An Indian Institute of Technology, Madras, alumnus has discovered that humans' ability to use their fingertips for performing various tasks is the result of a complex neuro-motor-mechanical process orchestrated with precision timing by the brain, nervous system and muscles of the hand.
Madhusudhan Venkadesan of Cornell University's Department of Mathematics made this finding as part of a study to understand the biological, neurological and mechanical features of the human hand that enable dexterous manipulation.
'When you look at the hand, you think, five fingers, what could be more straightforward?' said University of Southern California biomedical engineer Francisco Valero-Cuevas, who co-authored the study with Venkadesan.
'But really we don't understand well what a hand is bio-mechanically, how it is controlled neurologically, how disease impairs it, and how treatment can best restore its function. It is difficult to know how each of its 30-plus muscles contributes to everyday functions like using a cell phone or performing the many finger tasks it takes to dress yourself,' the researcher added.
During the study published in The Journal of Neuroscience, the researchers asked volunteers to tap and push against a surface with their forefinger, and recorded the fingertip force and electrical activity in all of the muscles of their hands.
The research team recorded 3D fingertip force as well as the complete muscle coordination pattern simultaneously using intramuscular electromyograms from all seven muscles of the index finger.
The subjects were asked to produce a downward tapping motion, followed by a well-directed vertical fingertip force against a rigid surface.
It was found that the muscle coordination pattern clearly switched from that for motion to that for force before contact. Venkadesan's mathematical modelling and analysis revealed that the underlying neural control also switched between mutually incompatible strategies in a time-critical manner.

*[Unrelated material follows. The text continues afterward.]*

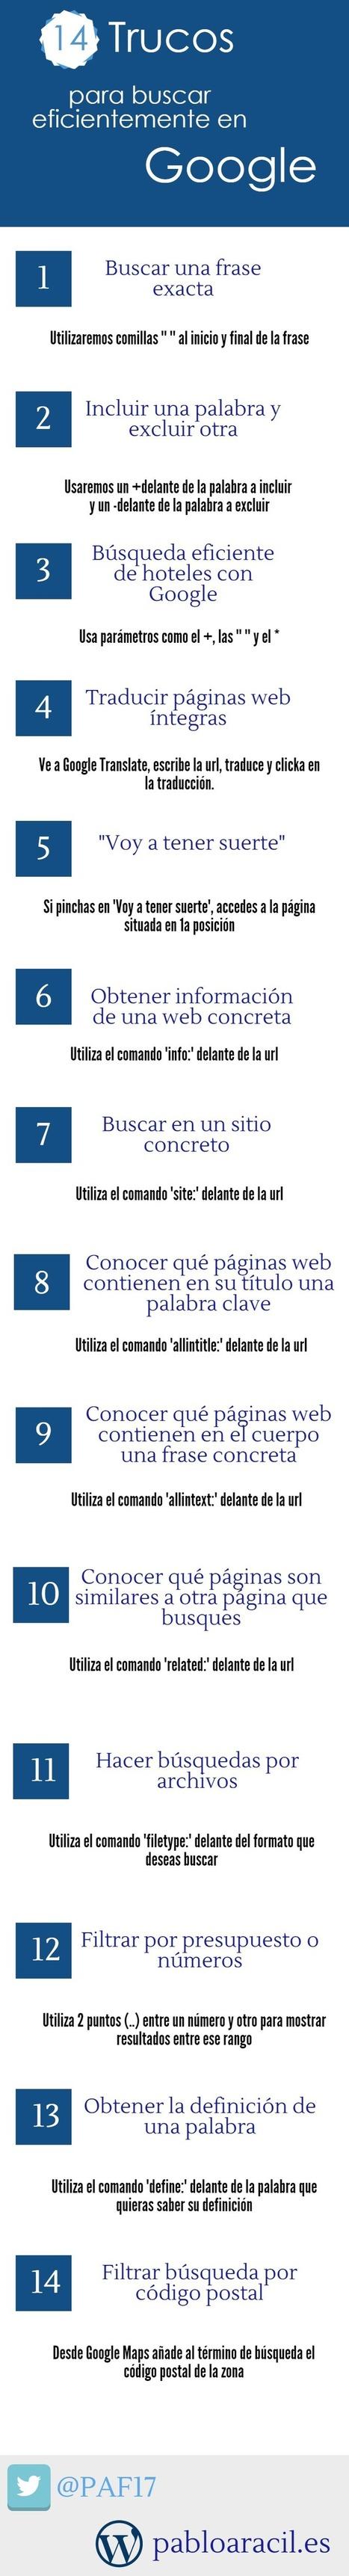 14 trucos pra buscar eficientemente en Google #infografia #infographic | Moodle en Latinoamérica | Scoop.it
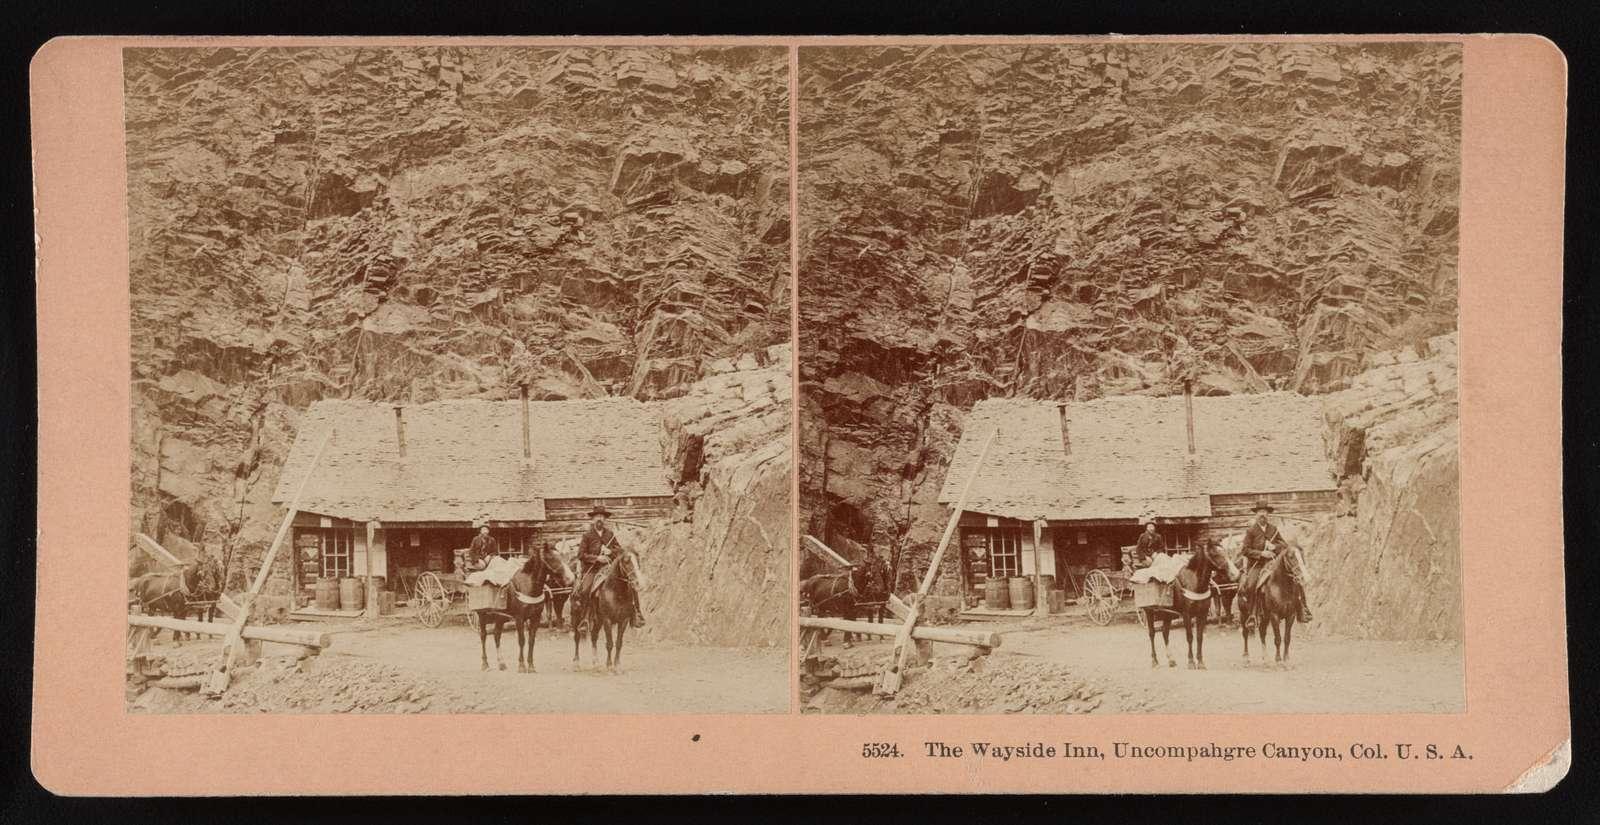 The Wayside Inn, Uncompahgre Canyon, Col. U.S.A

'We think that the human nervous system employs a surprisingly time-critical and neurally demanding strategy for this common and seemingly trivial task of tapping and then pushing accurately, which is a necessary component of dexterous manipulation,' said Valero-Cuevas.
'Our data suggest that specialized neural circuitry may have evolved for the hand because of the time-critical neural control that is necessary for executing the abrupt transition from motion (tap) to static force (push),' he added.
Valero-Cuevas says that the new findings may help explain why it takes young children years to develop fine finger muscle coordination and skills such as precision pinching or manipulation, and why fine finger manipulation is so vulnerable to neurological diseases and aging.
'In the tap-push exercise, we found that the brain must be switching from the tap command to the push command while the fingertip is still in motion. Neurophysiological limitations prevent an instantaneous or perfect switch, so we speculate that there must be specialized circuits and strategies that allow people to do so effectively,' he said.
'If the transition between motor commands is not well timed and executed, your initial forces will be misdirected and you simply won't be able to pick up an egg, a wine glass or a small bead quickly,' he added.
Even more importantly, he said, the findings may provide a functional explanation for an important evolutionary feature of the human brain -- its disproportionately large sensory and motor centres associated with hand function.
Valero-Cuevas believes that the understanding of the neuromuscular principles behind dexterous manipulation may particularly help people who have lost the use of their hands by guiding rehabilitation and helping to develop the next generation of prosthetics.